A quick update to my series from last week. The coronavirus has not been contained to China, and there are now nearly 1000 cases in South Korea, 270 in Italy, and 60 in Iran.
Health experts and writers (see for example Ian MacKay, Devi Sridhar, James Hamblin, Helen Branswell, Michael Osterholm) now think it will eventually spread globally, meaning that containment strategies of travel restrictions will become increasingly ineffective.

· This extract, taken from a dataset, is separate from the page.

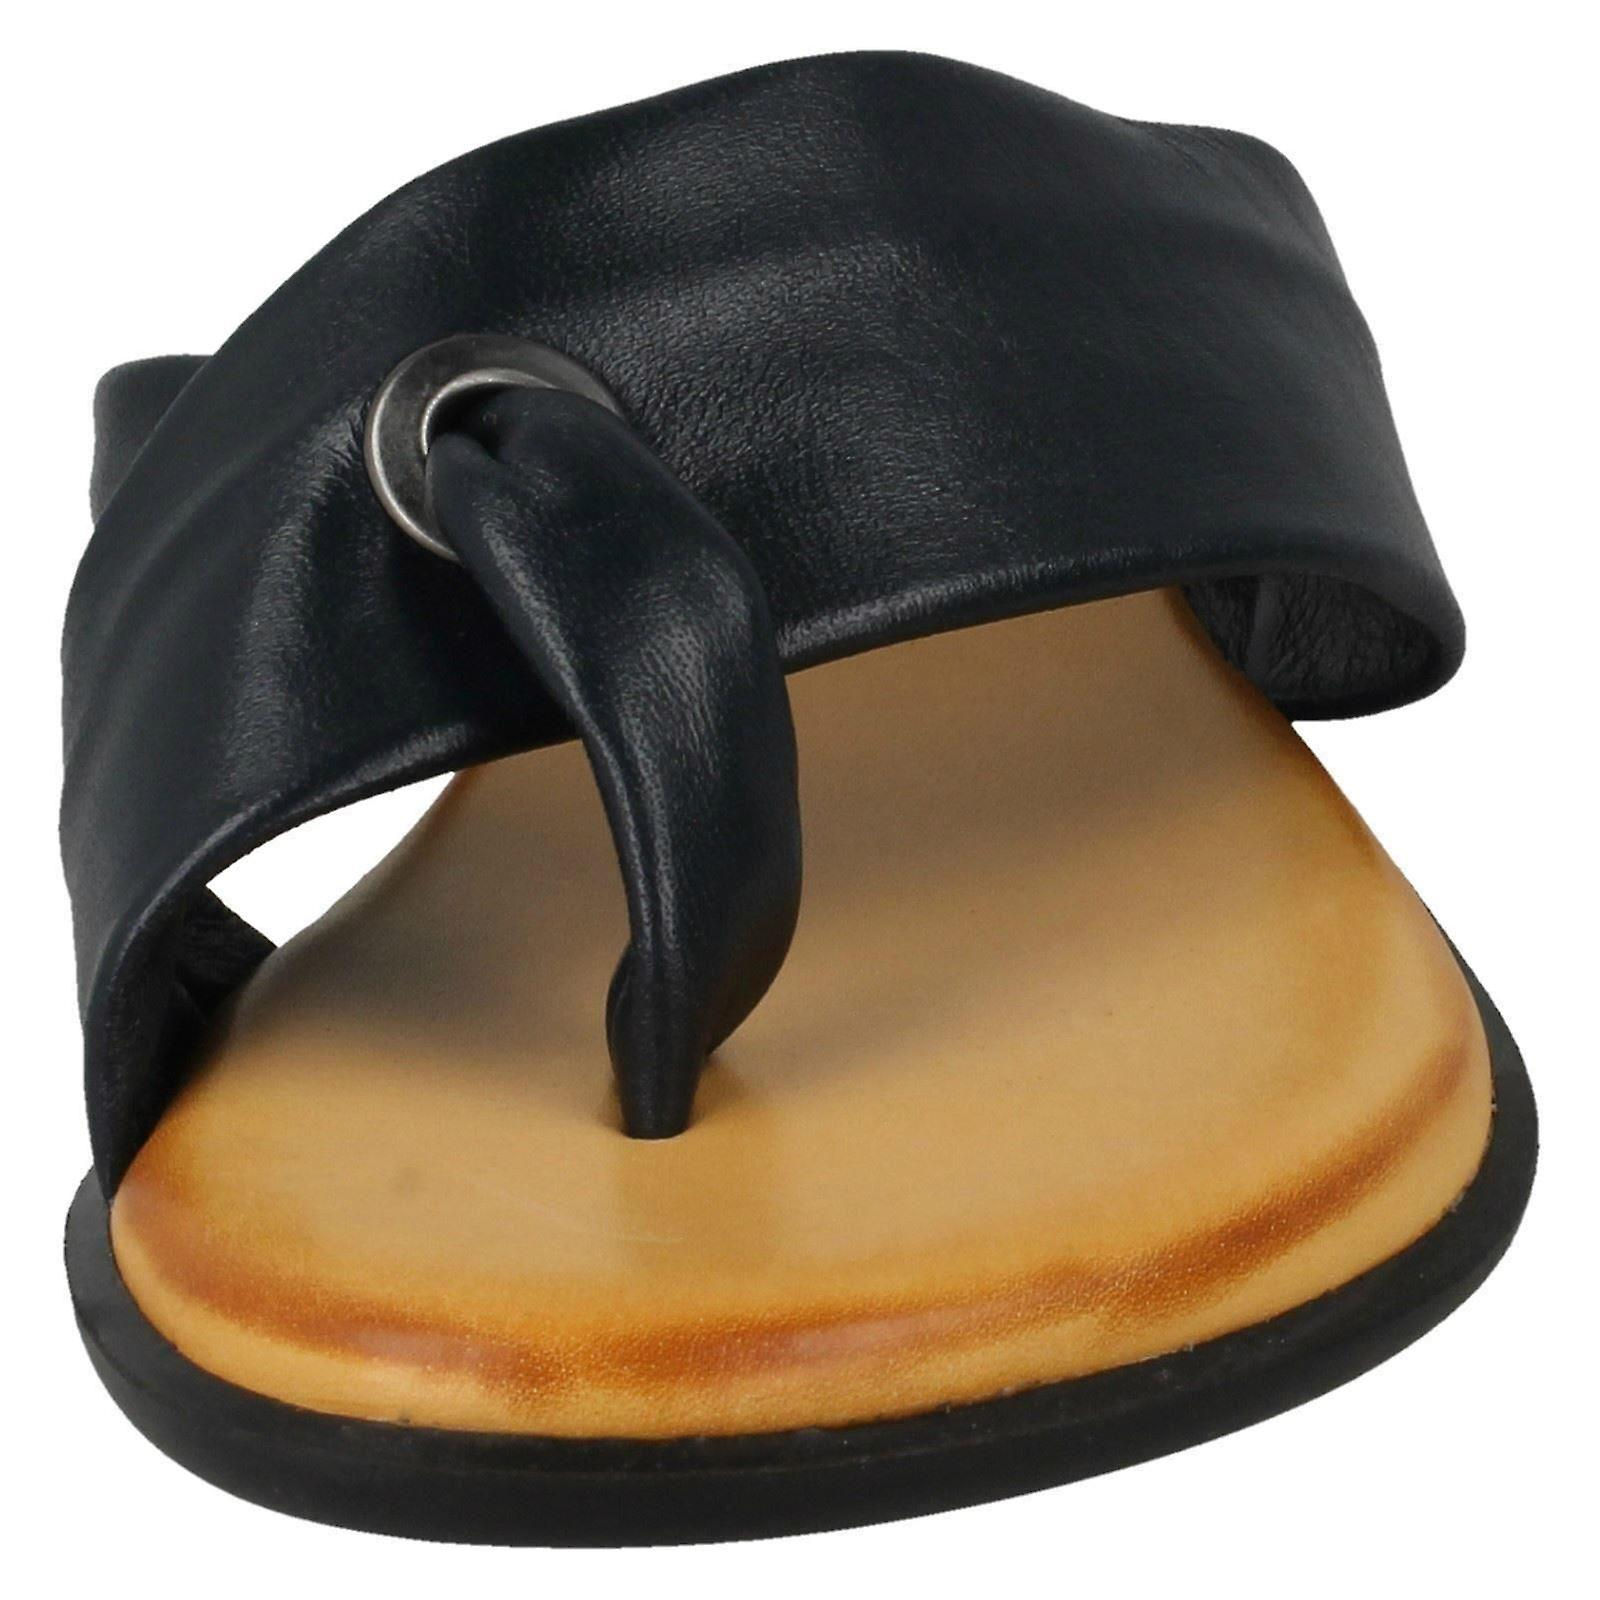 Ladies Leather Collection Toepost Sandals 9BIR7R
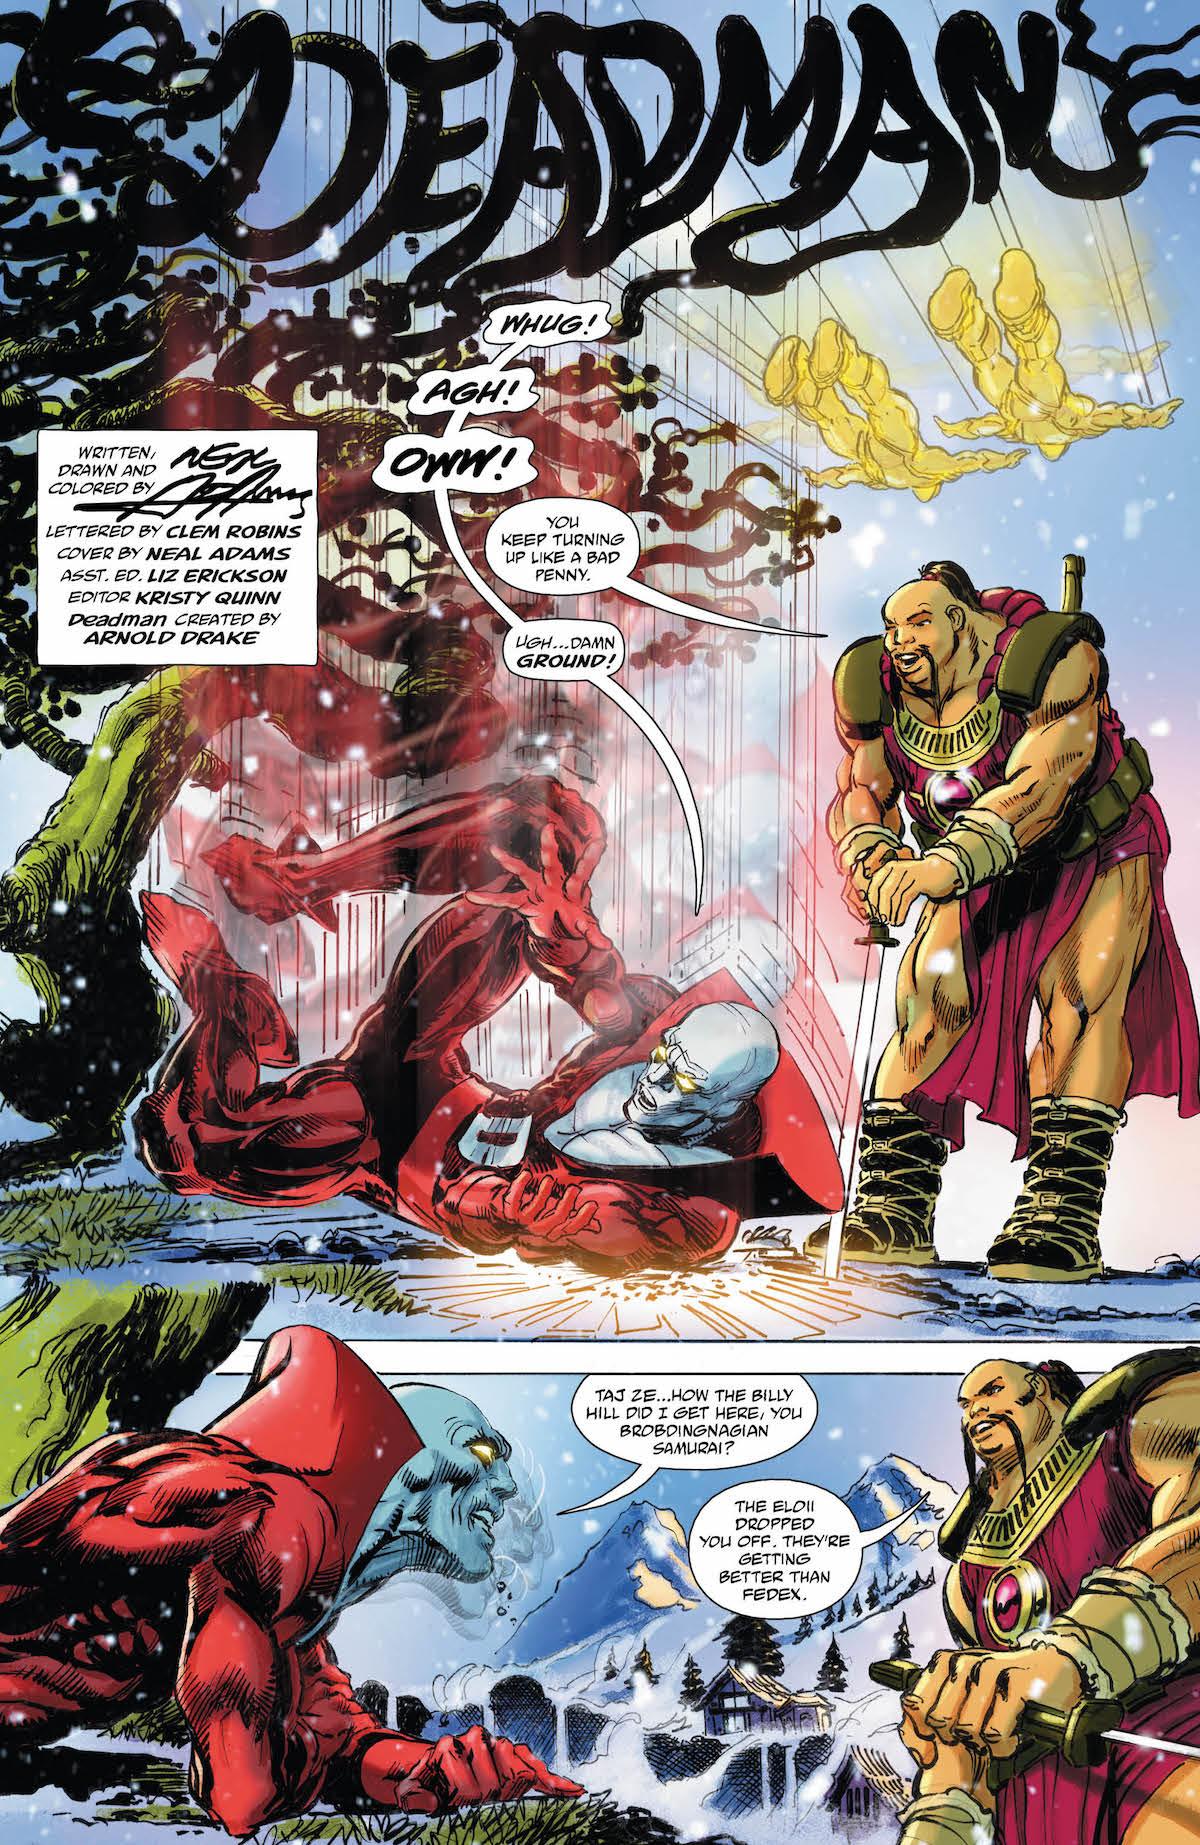 Deadman #5 page 1

We are now entering a phase of having to reduce the impact and harm associated with the spread of the virus, including taking precautions at the individual level to prevent infection like washing hands frequently and avoiding touching your mouth, eyes, and face.
(This is not the time for panic or overreactions, but I do think it is appropriate for us to be prepared for cases to come to countries that have not yet experienced an outbreak yet. Most cases are mild, but some are not).
I took a big bottle of hand sanitizer to the office and wrote our buildings manager about what plans they have in place to protect the workplace.
We also have a lot to learn about the virus, who is particularly at risk, and how deadly it might be.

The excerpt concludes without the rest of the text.